> _Source material_
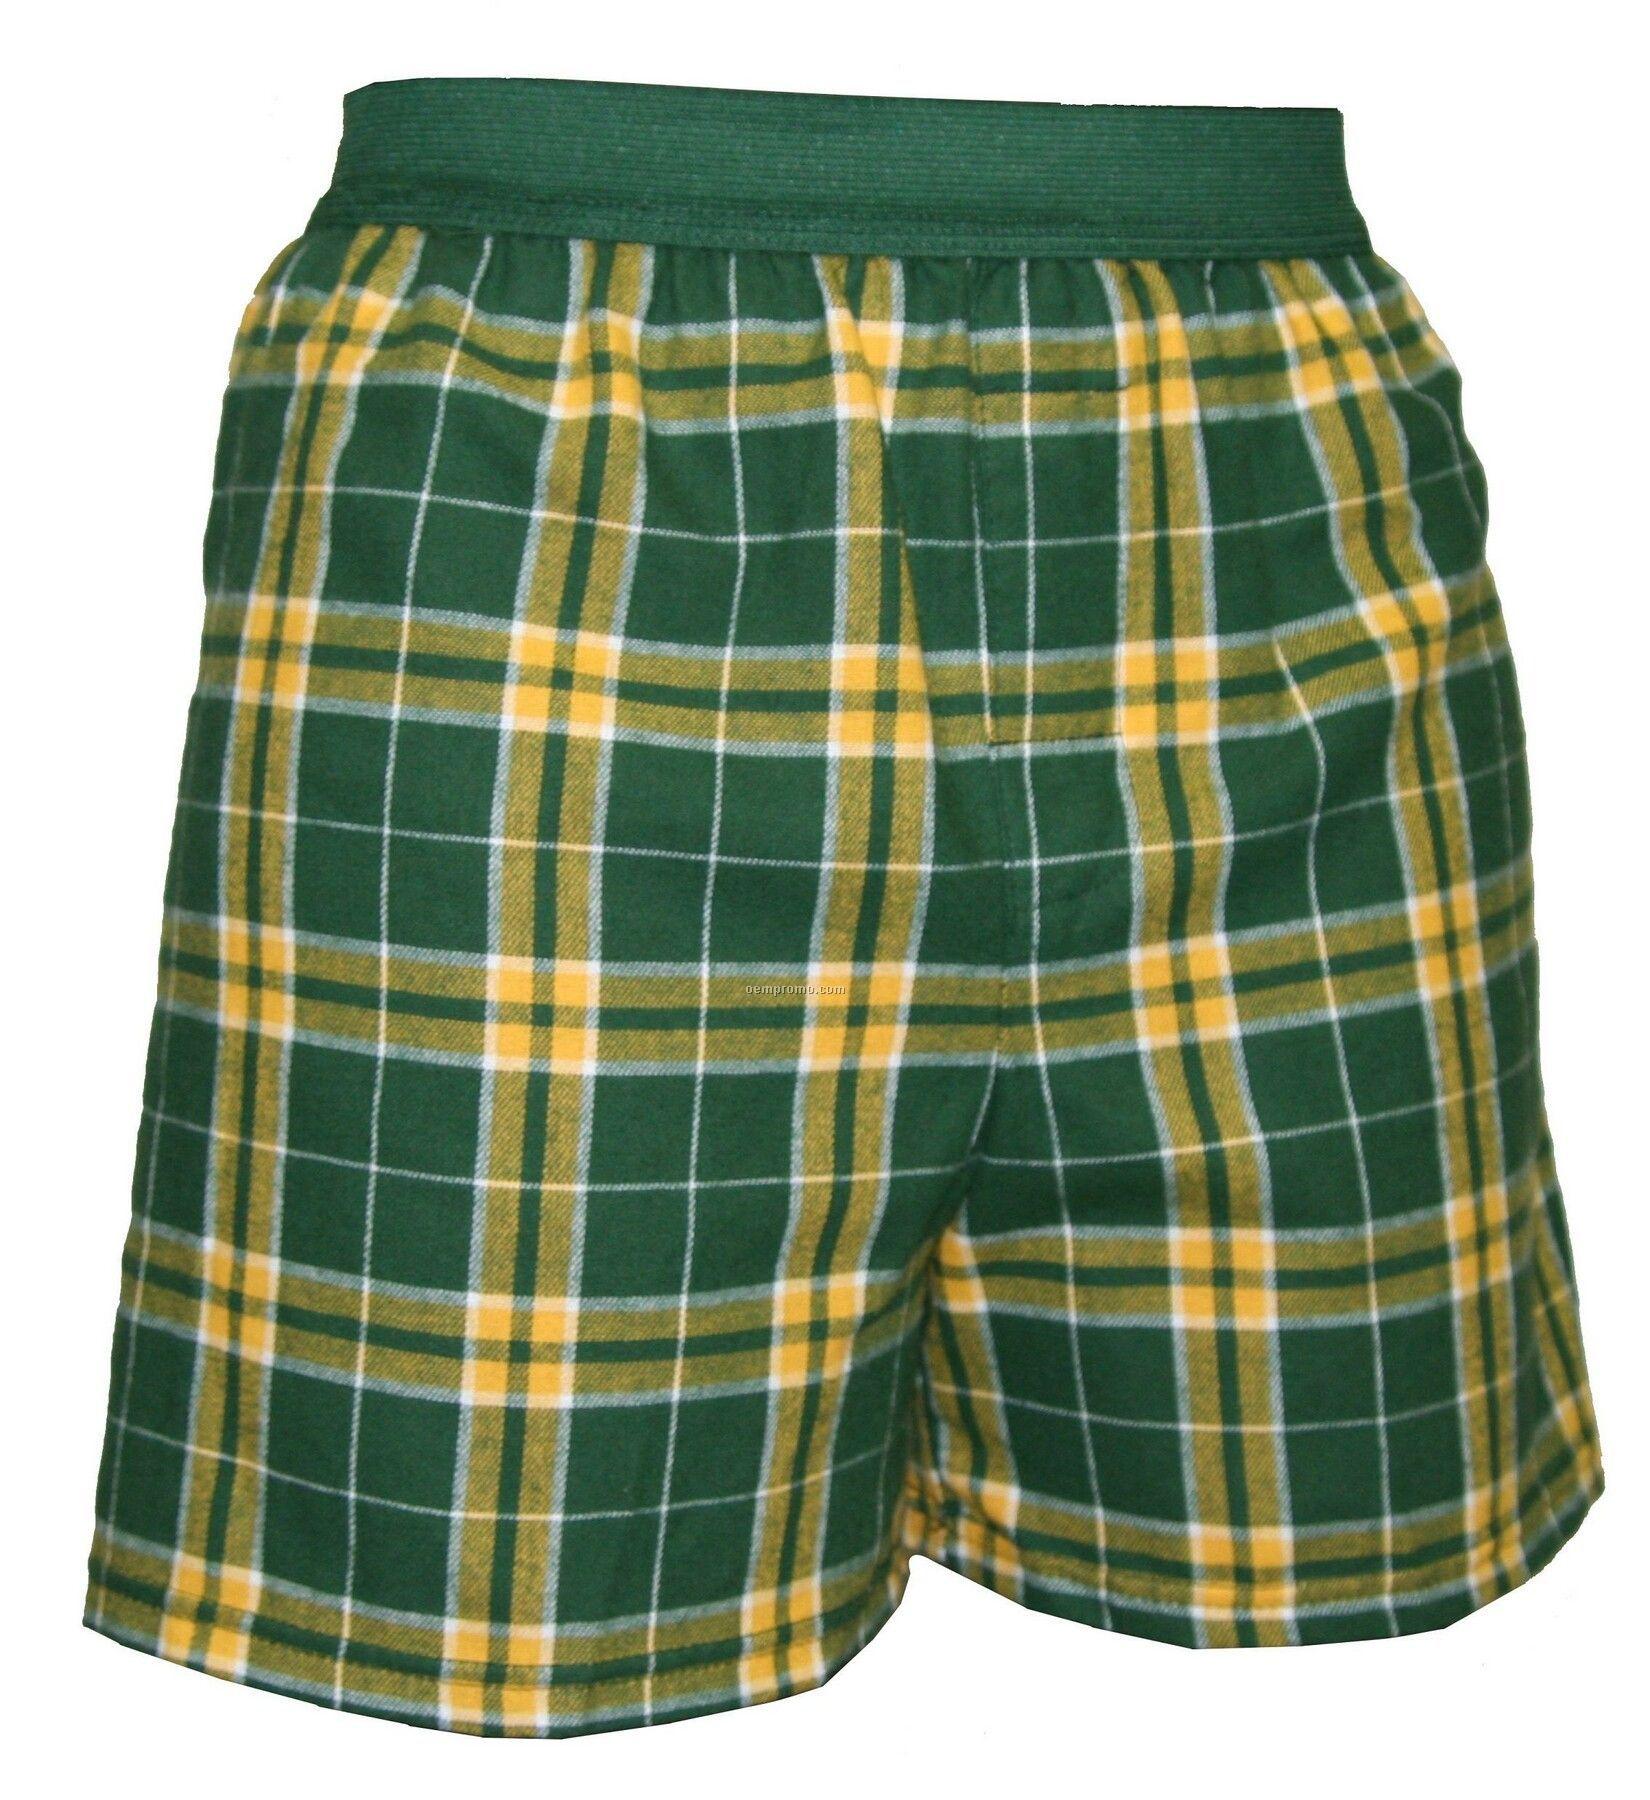 Adult Green/Gold Plaid Classic Boxer Short
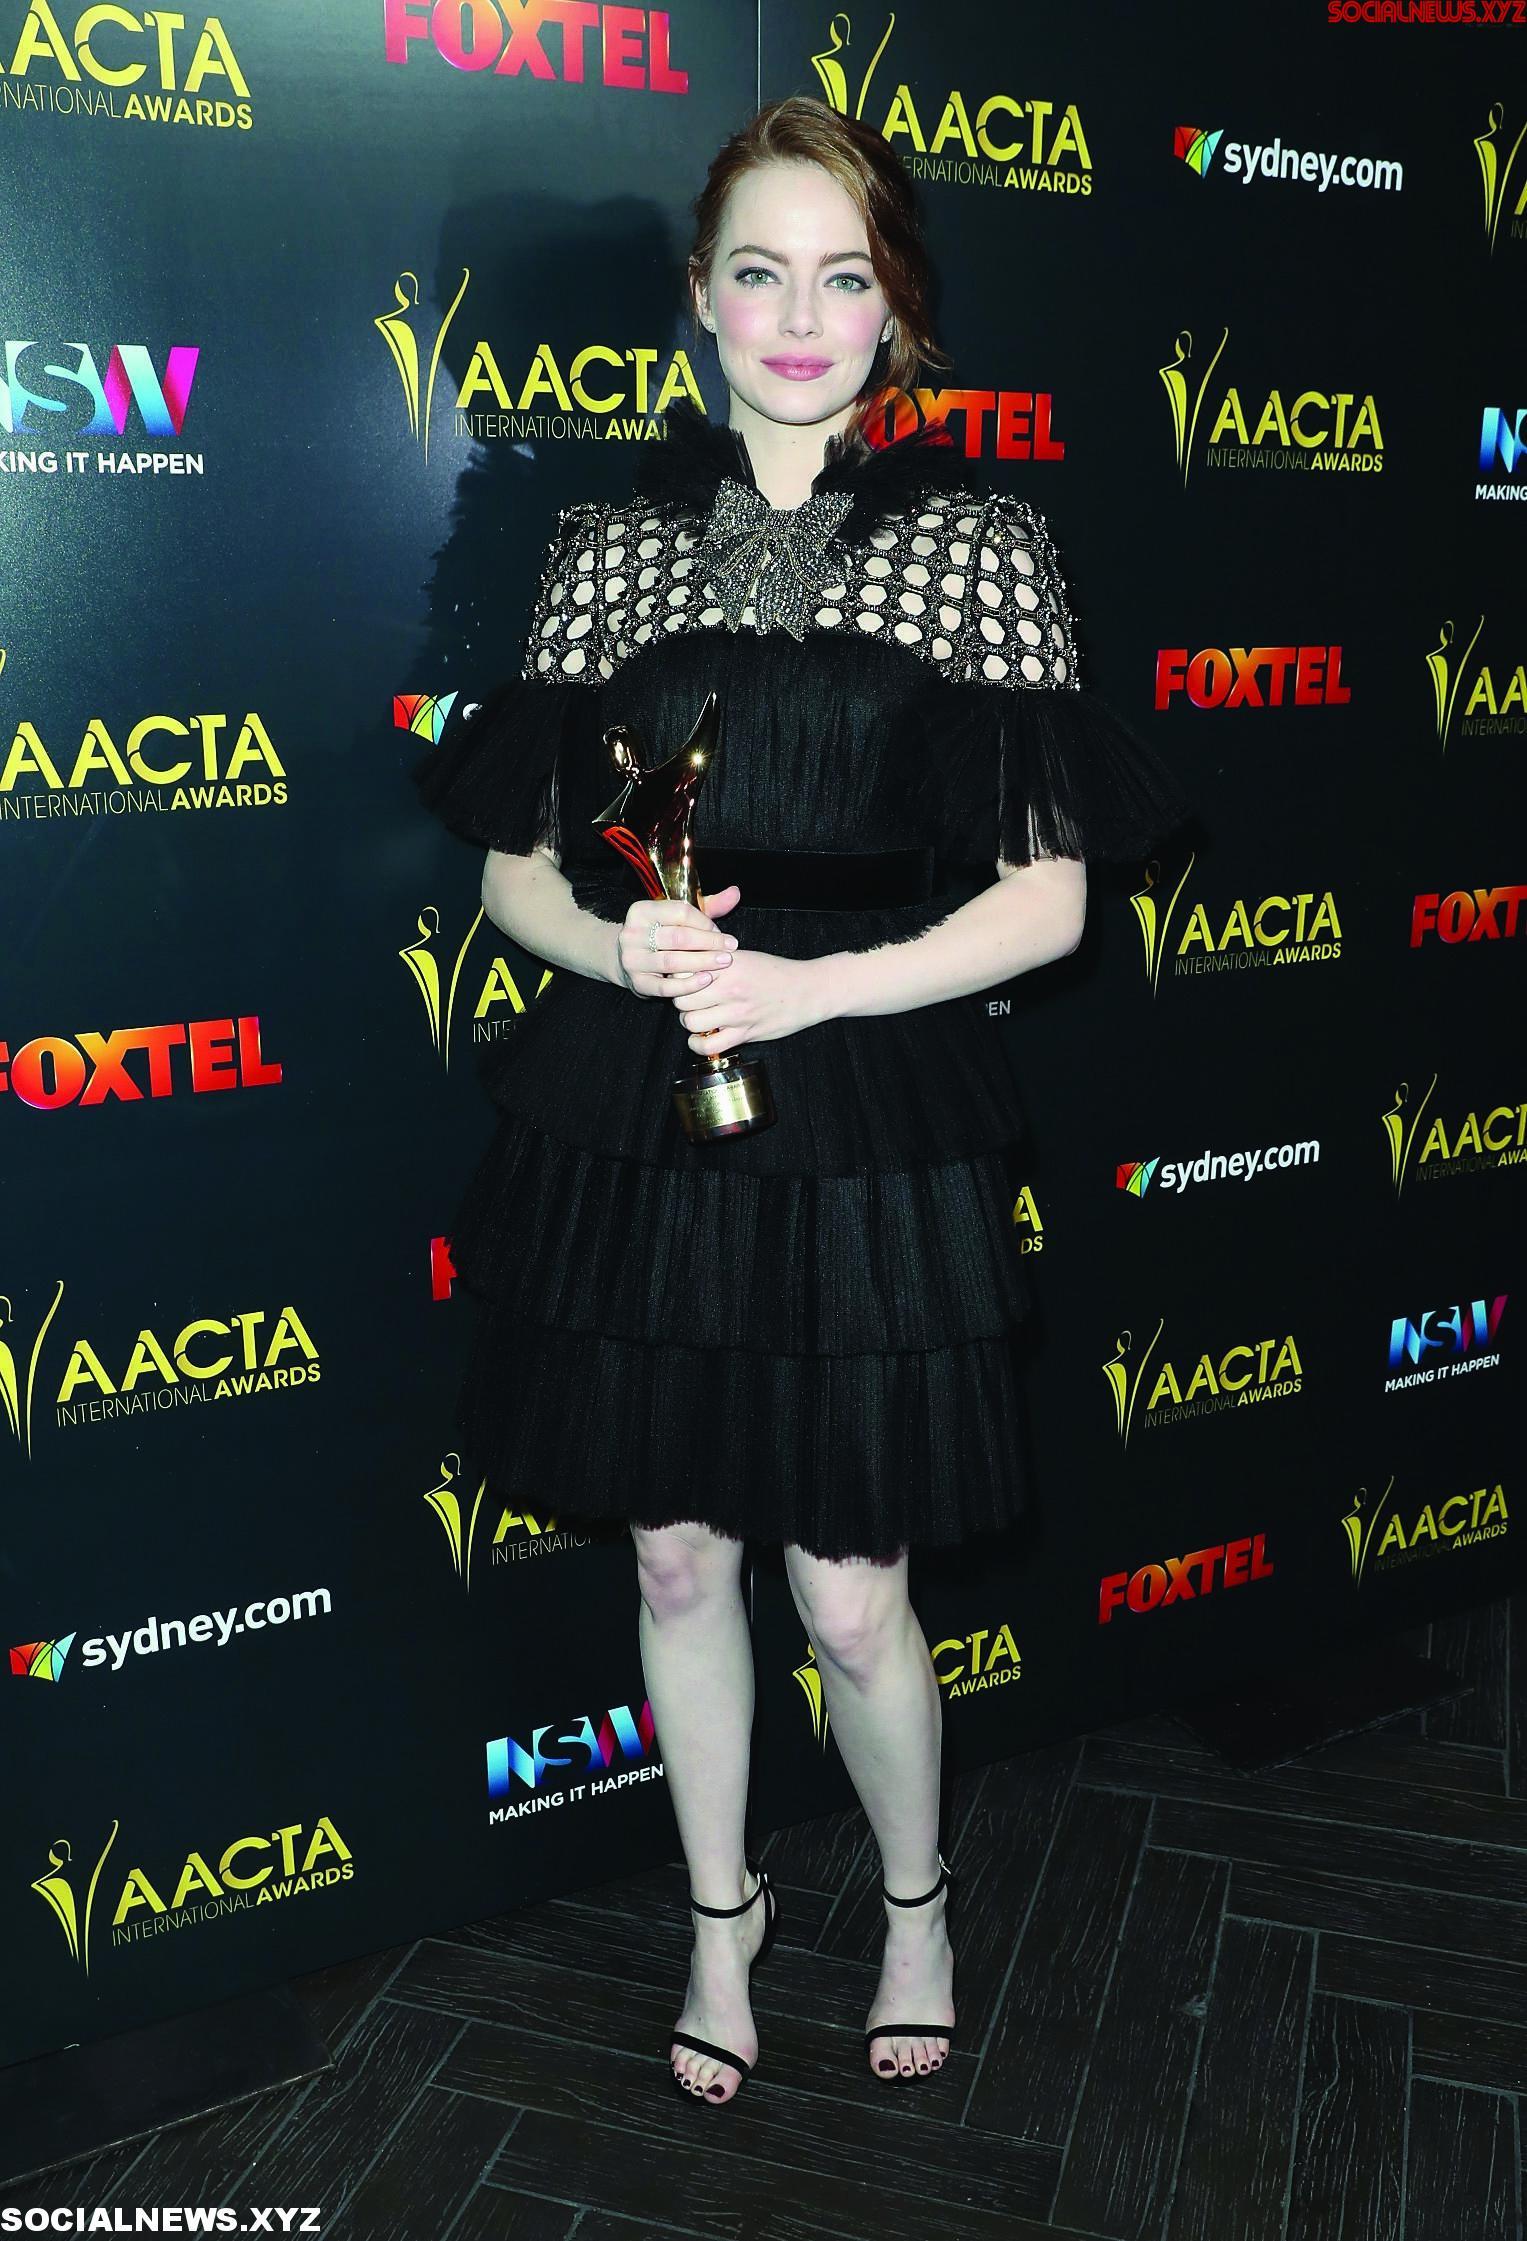 6th ACCTA International Awards Media Room Gallery
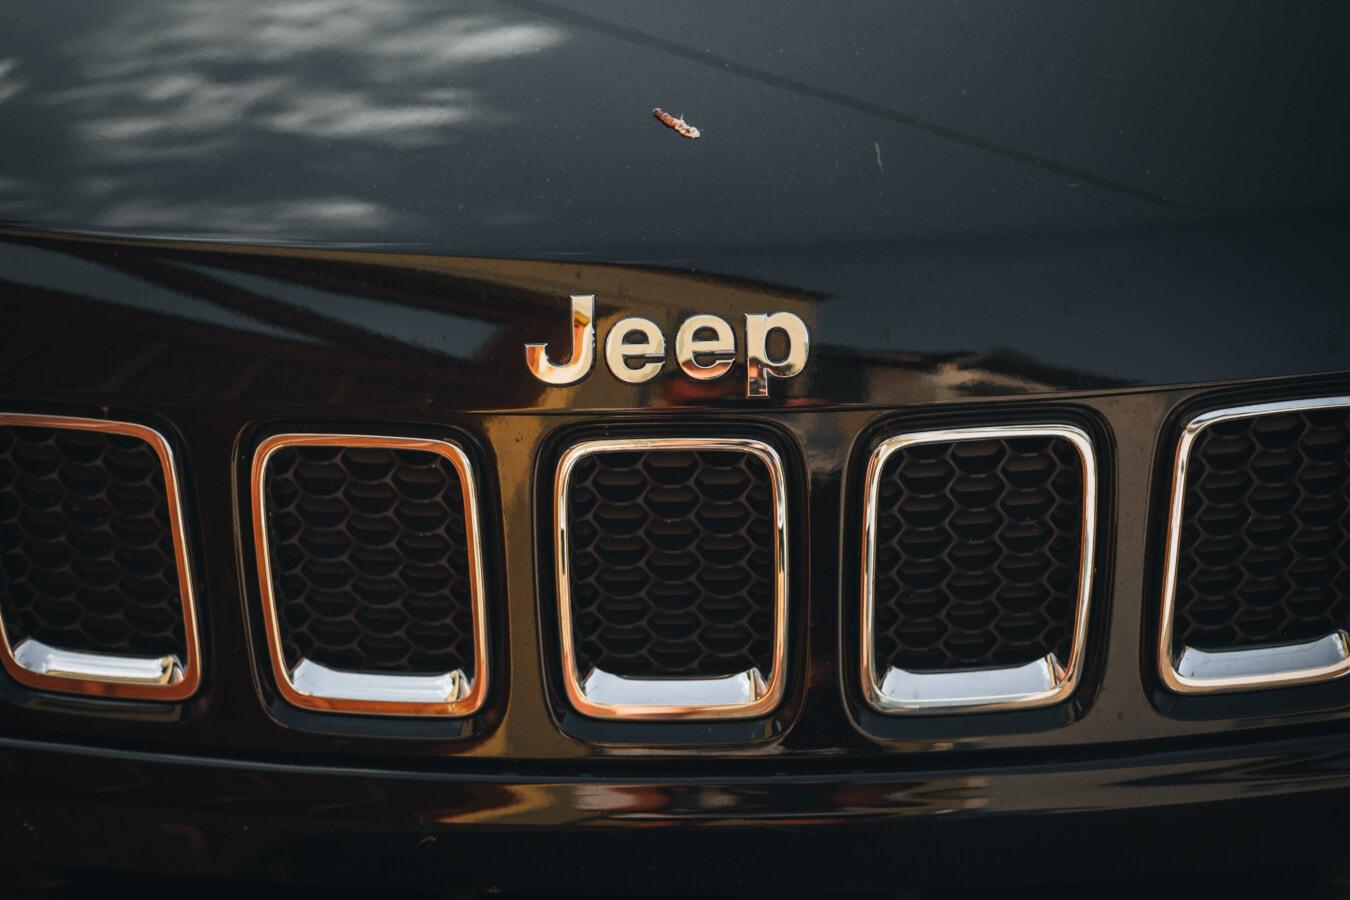 Jeep, Raster, metallische, Kühlergrill, Fahrzeug, Auto, automotive, Mustang, Chrom, Klassiker
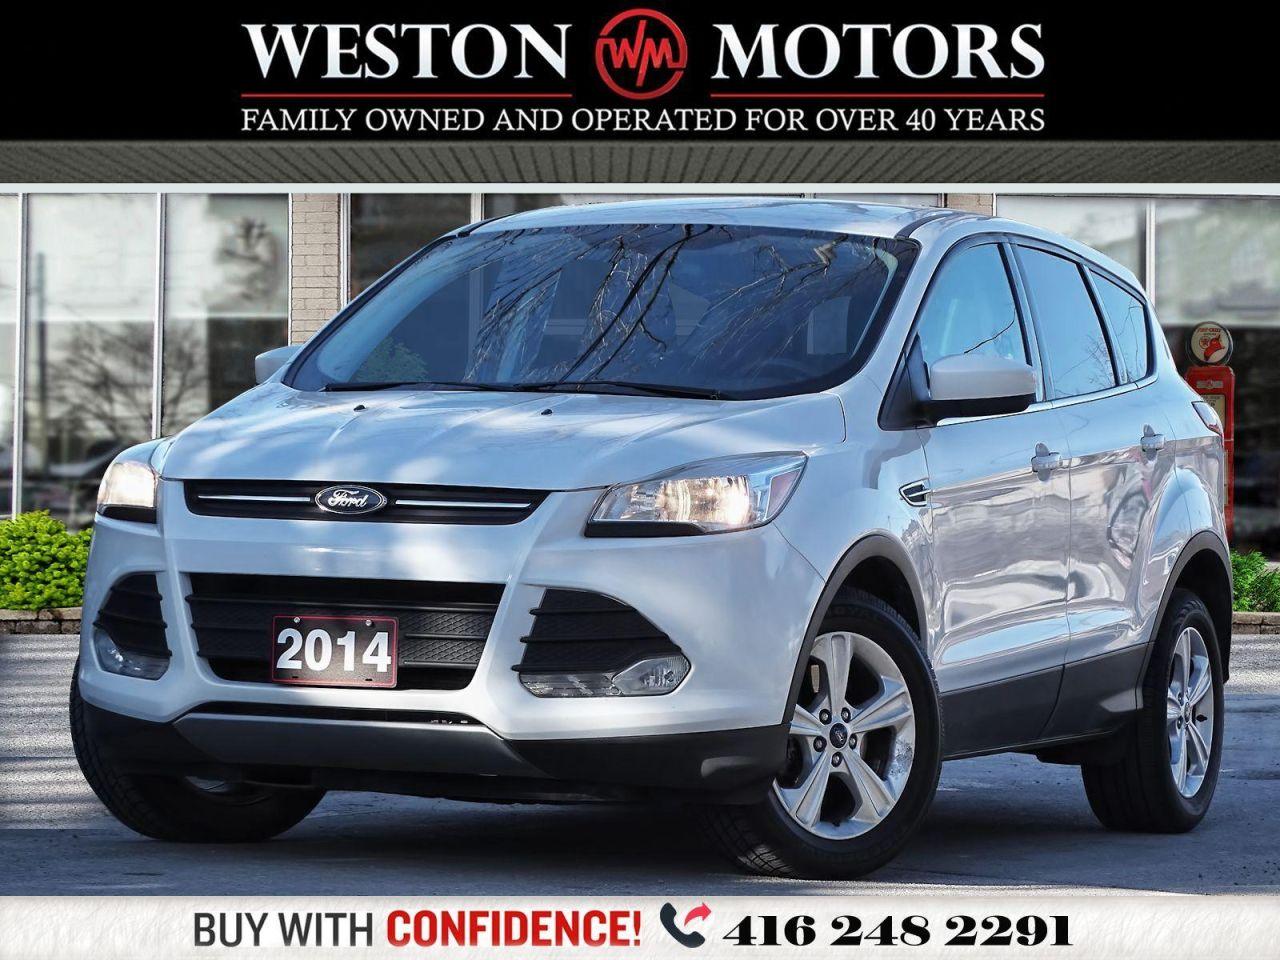 2014 Ford Escape SE*2.0L*AWD*REVERSE CAMERA*HEATED SEATS

> _Your task_
Would you copy out every line of the data above exactly, minus the pictures?

> _Task answer_
 Adult Green/Gold Plaid Classic Boxer Short
 6th ACCTA International Awards Media Room Gallery
 Jeep, Raster, metallische, Kühlergrill, Fahrzeug, Auto, automotive, Mustang, Chrom, Klassiker
 2014 Ford Escape SE*2.0L*AWD*REVERSE CAMERA*HEATED SEATS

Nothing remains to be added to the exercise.